3M-posted about 1 year ago
$160,284 - $195,903/Yr
Full-time • Senior
Maplewood, MN
Nonmetallic Mineral Product Manufacturing

The Principal Data Engineer at 3M will play a crucial role in developing scalable data systems within the Corporate Research Systems Lab (CRSL). This position involves collaborating with a diverse team to design and support an Enterprise Data Mesh, enabling advanced informatics and digital technologies across various markets. The role emphasizes technical architecture, data integration, and the implementation of best practices in data engineering and analytics.

  • Architect, design, and build scalable, efficient, and fault-tolerant data operations.
  • Collaborate with senior leadership, analysts, engineers, and scientists to implement new mesh domain nodes and data initiatives.
  • Drive technical architecture for accelerated solution designs, including data integration, modeling, governance, and applications.
  • Explore and recommend new tools and technologies to optimize the data platform.
  • Improve and implement data engineering and analytics engineering best practices.
  • Collaborate with data engineering and domain nodes teams to design physical data models and mappings.
  • Work with scientists and informaticians to develop advanced digital solutions and promote digital transformation and technologies.
  • Perform code reviews, manage code performance improvements, and enforce code maintainability standards.
  • Develop and maintain scalable data pipelines for ingesting, transforming, and distributing data streams.
  • Advise and mentor 3M businesses, data scientists, and data consumers on data standards, pipeline development, and data consumption.
  • Provide technical guidance and mentorship, ensure adherence to best practices, and maintain high software quality through rigorous testing and code reviews.
  • Guide project planning and execution, manage timelines and resources, and facilitate effective communication between team members and stakeholders.
  • Foster a positive team environment, assist in recruitment, and provide training opportunities to address skill gaps.
  • Bachelor's degree or higher in Computer Science from an accredited university.
  • Ten (10) years of professional experience in data management, data engineering, data governance, and data warehouse/lakehouse design and development with proficiency across SQL and NoSQL data management systems.
  • Five (5) years of extensive experience and proficiency with Python, Apache Spark, PySpark, and Databricks.
  • Three (3) years of hands-on experience in Python to extract data from APIs and build data pipelines.
  • Exposure to data and data types in the Materials science, chemistry, computational chemistry, physics space.
  • Proficiency in developing or architecting modern distributed cloud architecture and workloads (AWS, Databricks preferred).
  • Familiarity with data mesh style architecture design principles.
  • Proficiency in building data pipelines to integrate business applications and procedures.
  • Solid understanding of advanced Databricks concepts like Delta Lake, MLFlow, Advanced Notebook Features, Custom Libraries and Workflows, Unity Catalog, etc.

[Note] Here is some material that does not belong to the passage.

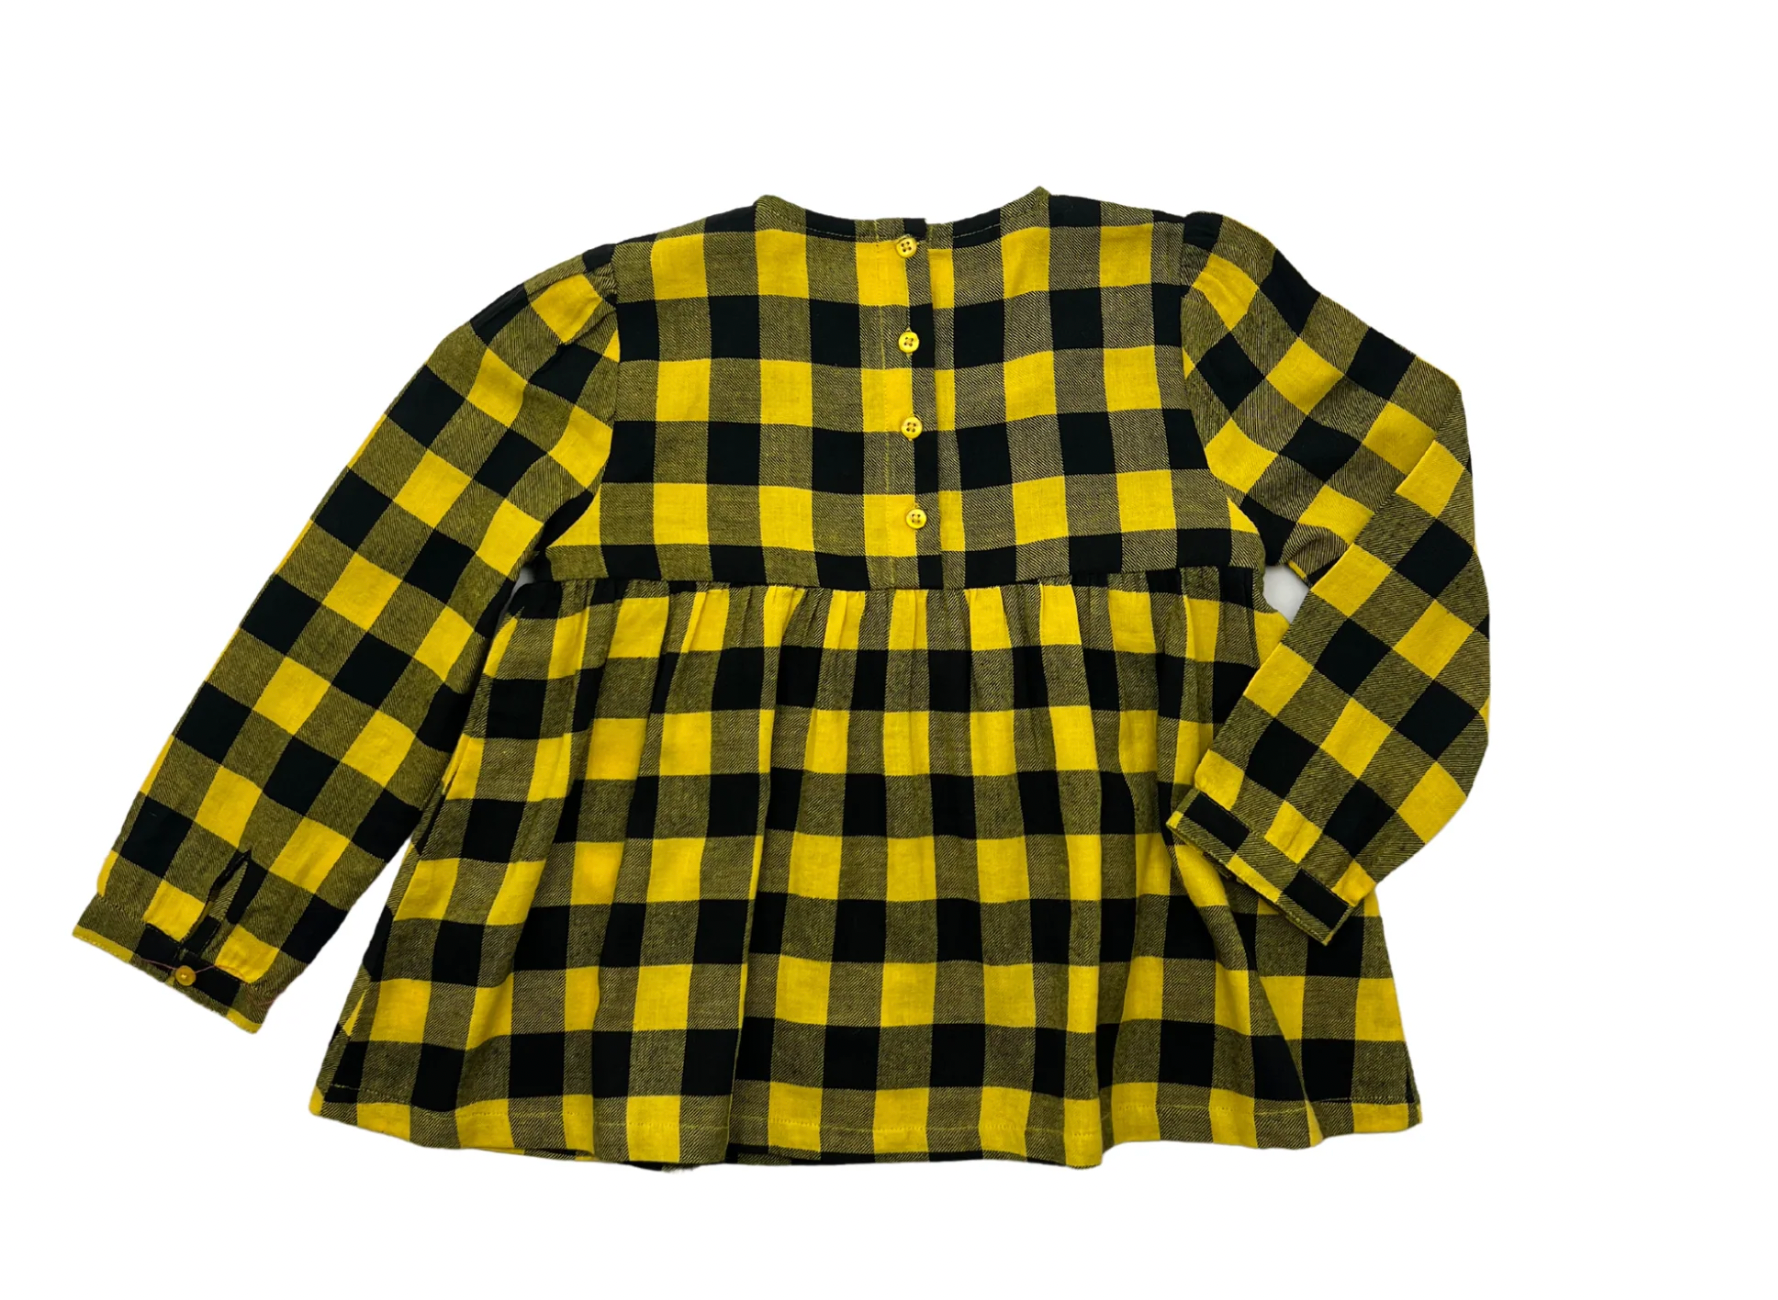 BONTON - Yellow checked blouse &amp; skirt set - 6 years old
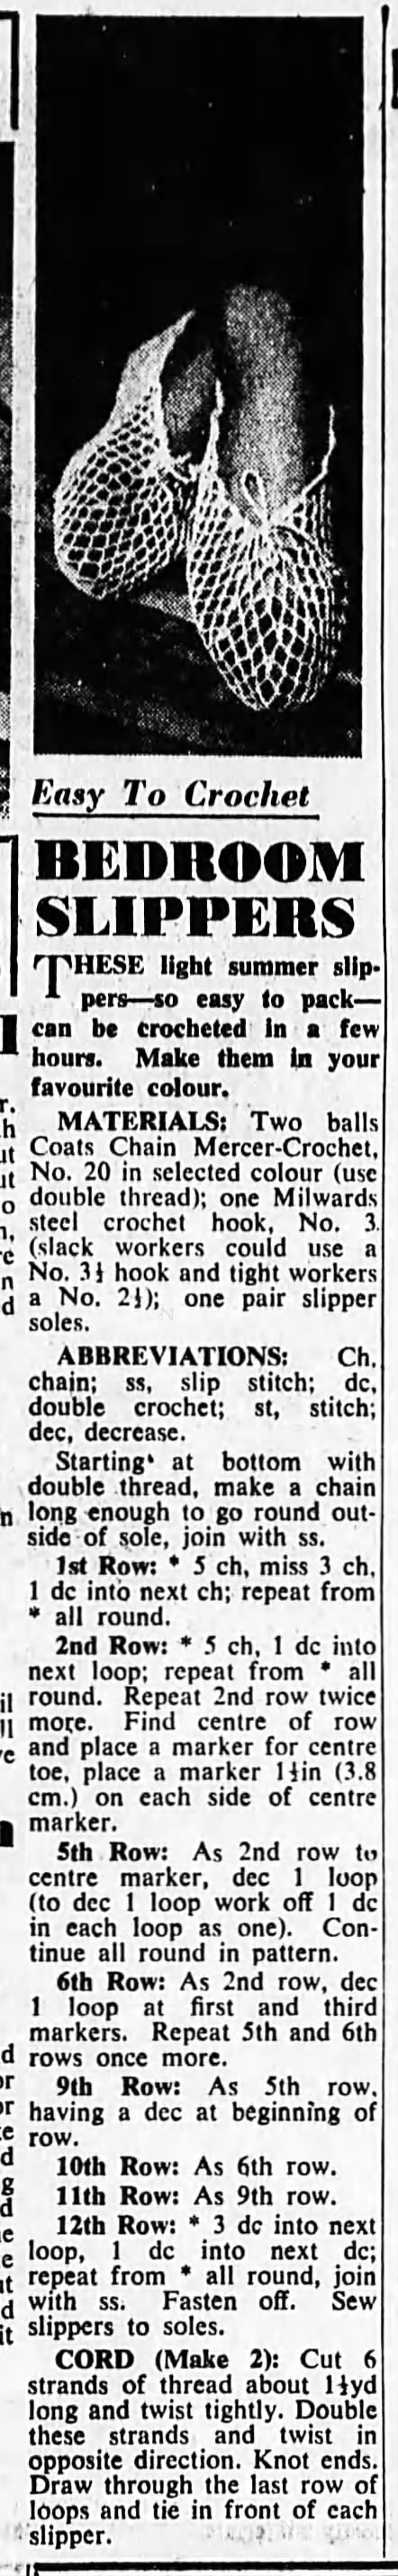 "Bedroom slippers" crochet pattern (1951)

  • Experience with AWS cloud computing services and infrastructure developing data lakes and data pipelines leveraging multiple technologies such as AWS S3, AWS Glue, Elastic MapReduce, etc.
  • Experience with stream-processing systems: Amazon Kinesis, Spark, Storm, Kafka, etc.
  • Data quality and validation principles experience, security principles data encryption, access control, authentication & authorization.
  • Deep experience in definition and implementation of feature engineering.
  • Experience with Docker containers and Kubernetes, experience developing or interacting with APIs.
  • Experience in using data orchestration workflows using open-source tools like Temporal.io, Apache Airflow is a plus.
  • Knowledge of data visualization tools like Dash Apps, Tableau, Power BI, etc.
  • Good experience with agile development processes and concepts with leveraging project management tools like JIRA and Confluence.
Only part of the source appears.